*DATA SECTION*:
'''
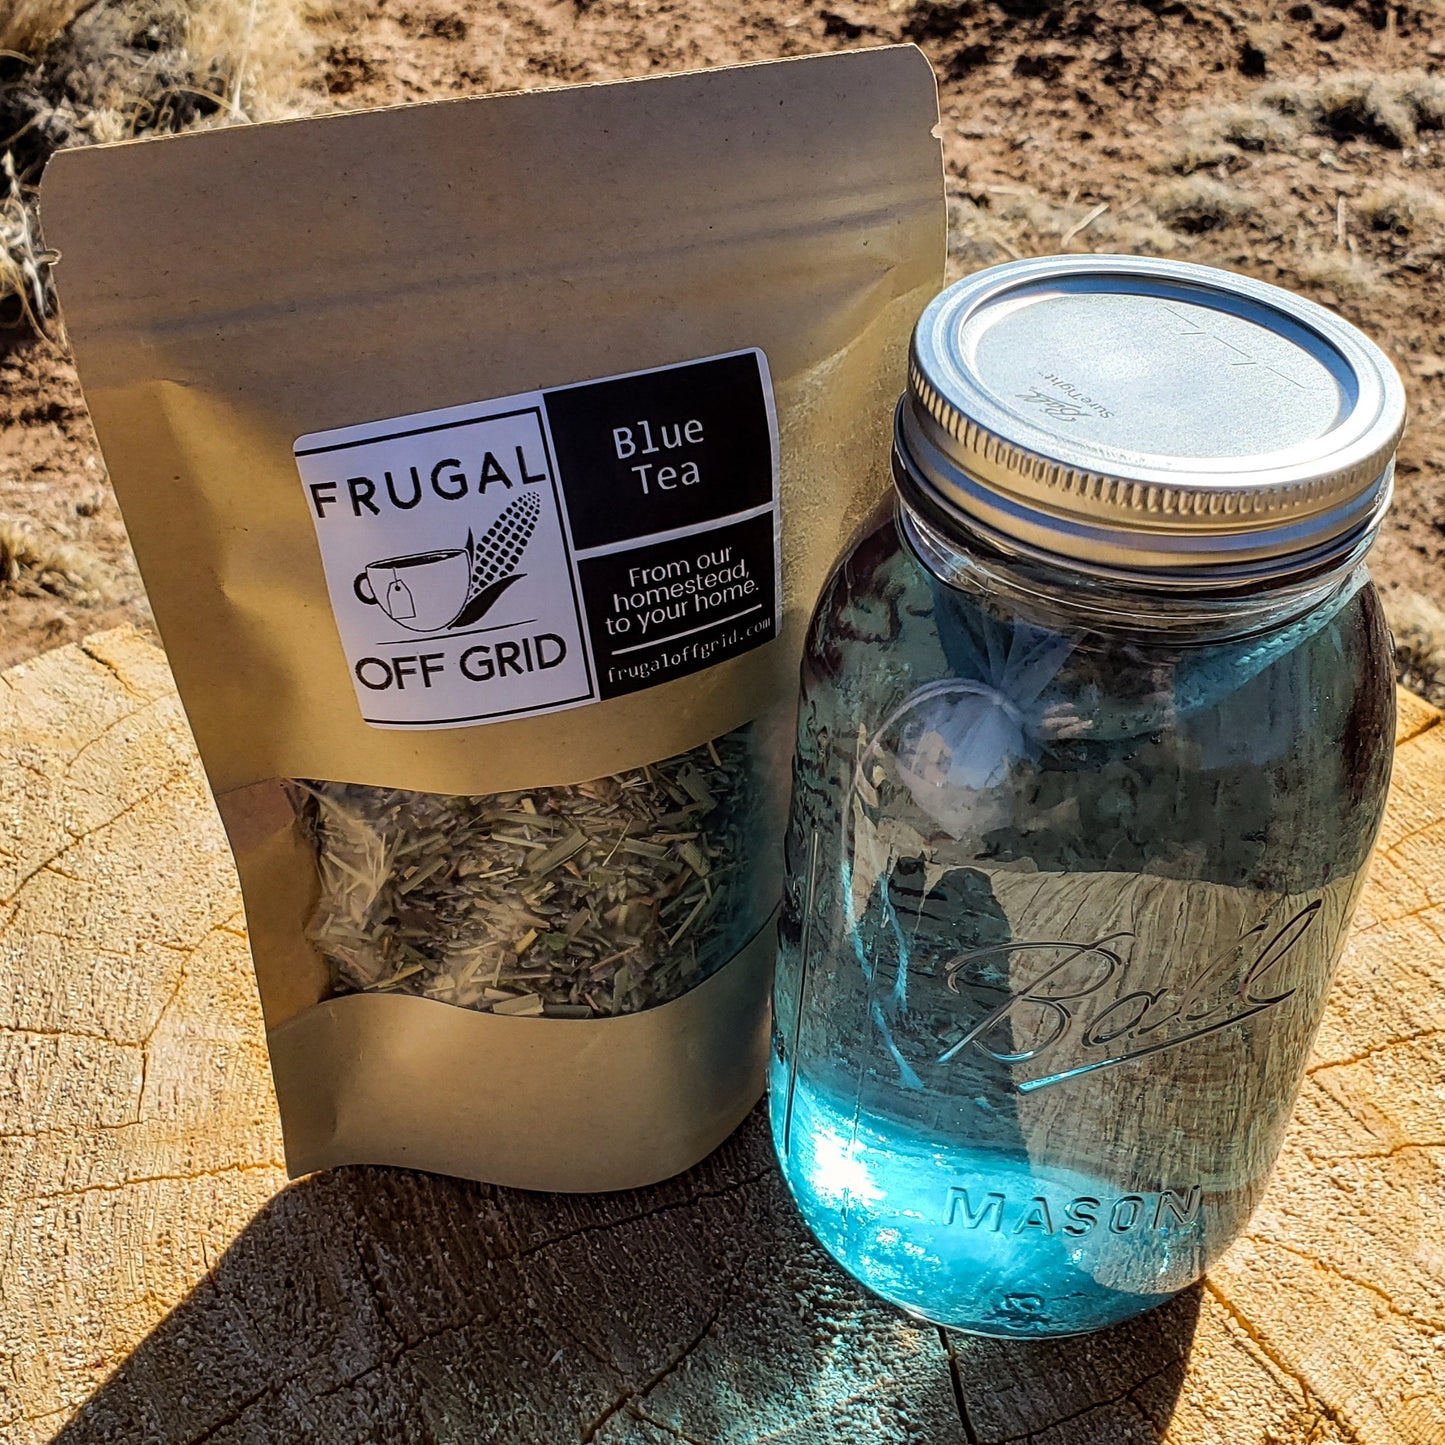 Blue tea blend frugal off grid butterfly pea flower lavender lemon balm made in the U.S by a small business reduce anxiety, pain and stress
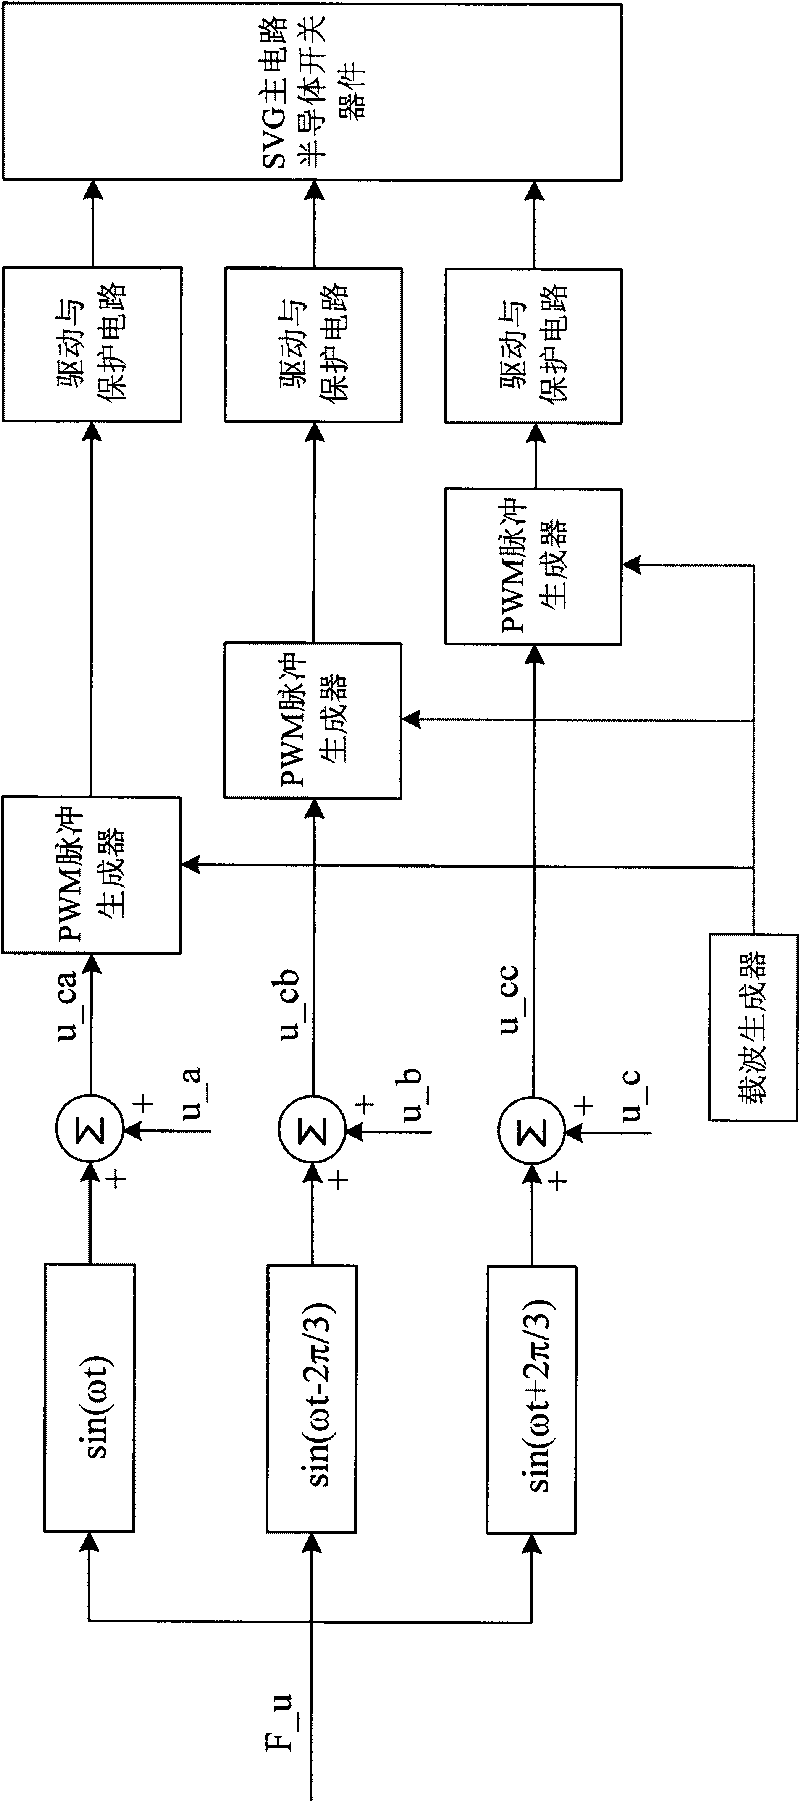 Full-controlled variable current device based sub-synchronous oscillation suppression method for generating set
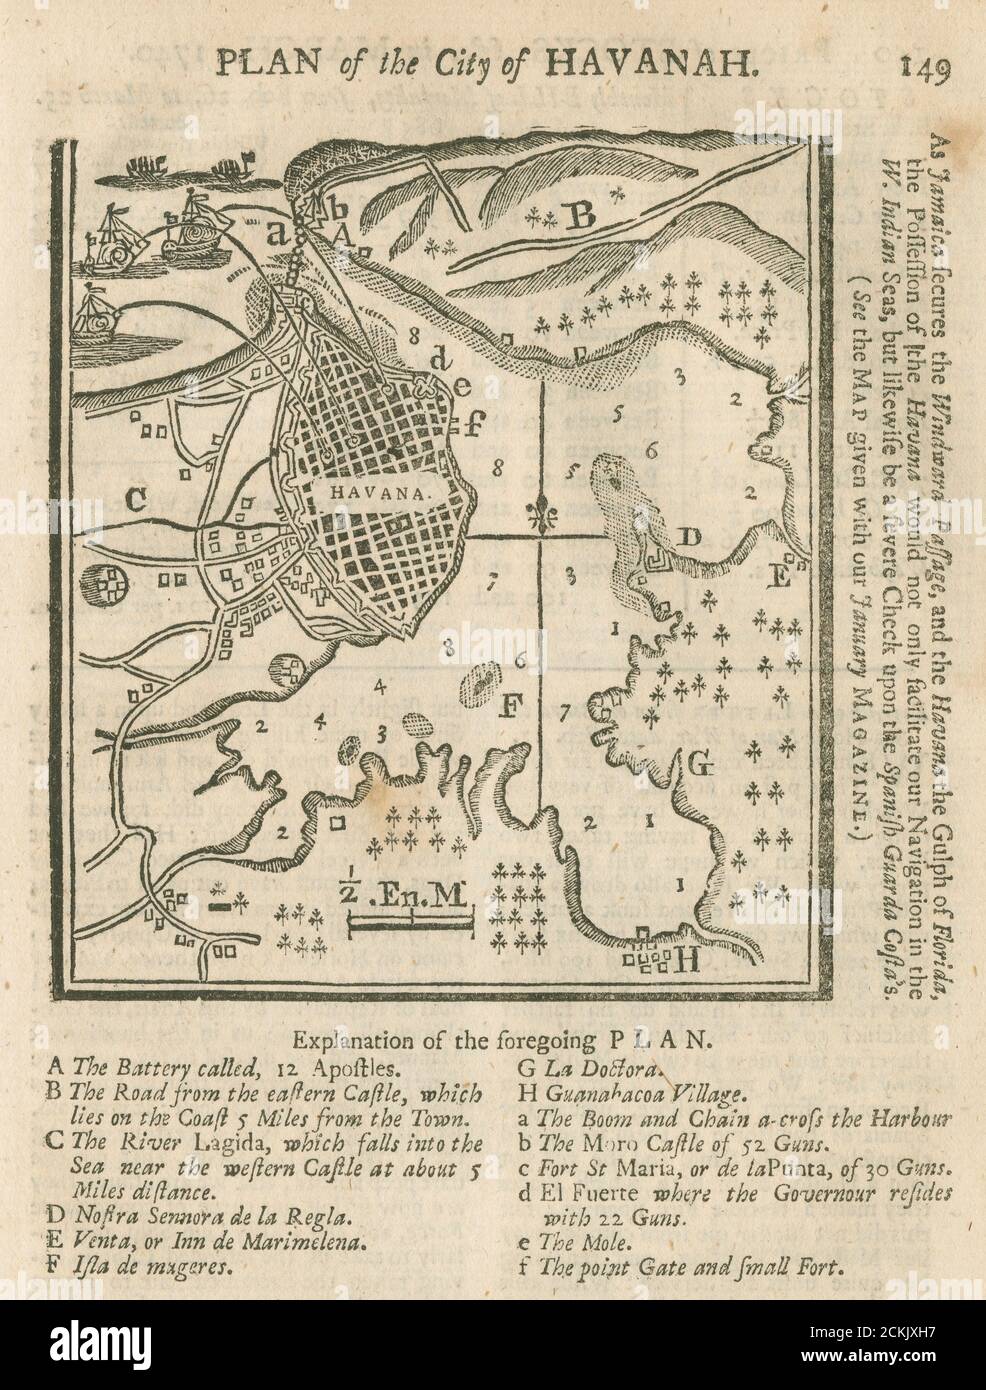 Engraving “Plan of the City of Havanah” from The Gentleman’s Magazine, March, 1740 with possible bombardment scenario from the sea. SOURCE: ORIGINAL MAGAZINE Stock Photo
'''
*EXERCISE OBJECTIVE*: Transcribe the whole listing exactly but exclude images.

*REPLY*:
 Blue tea blend frugal off grid butterfly pea flower lavender lemon balm made in the U.S by a small business reduce anxiety, pain and stress
 Full-controlled variable current device based sub-synchronous oscillation suppression method for generating set
 Engraving “Plan of the City of Havanah” from The Gentleman’s Magazine, March, 1740 with possible bombardment scenario from the sea. SOURCE: ORIGINAL MAGAZINE Stock Photo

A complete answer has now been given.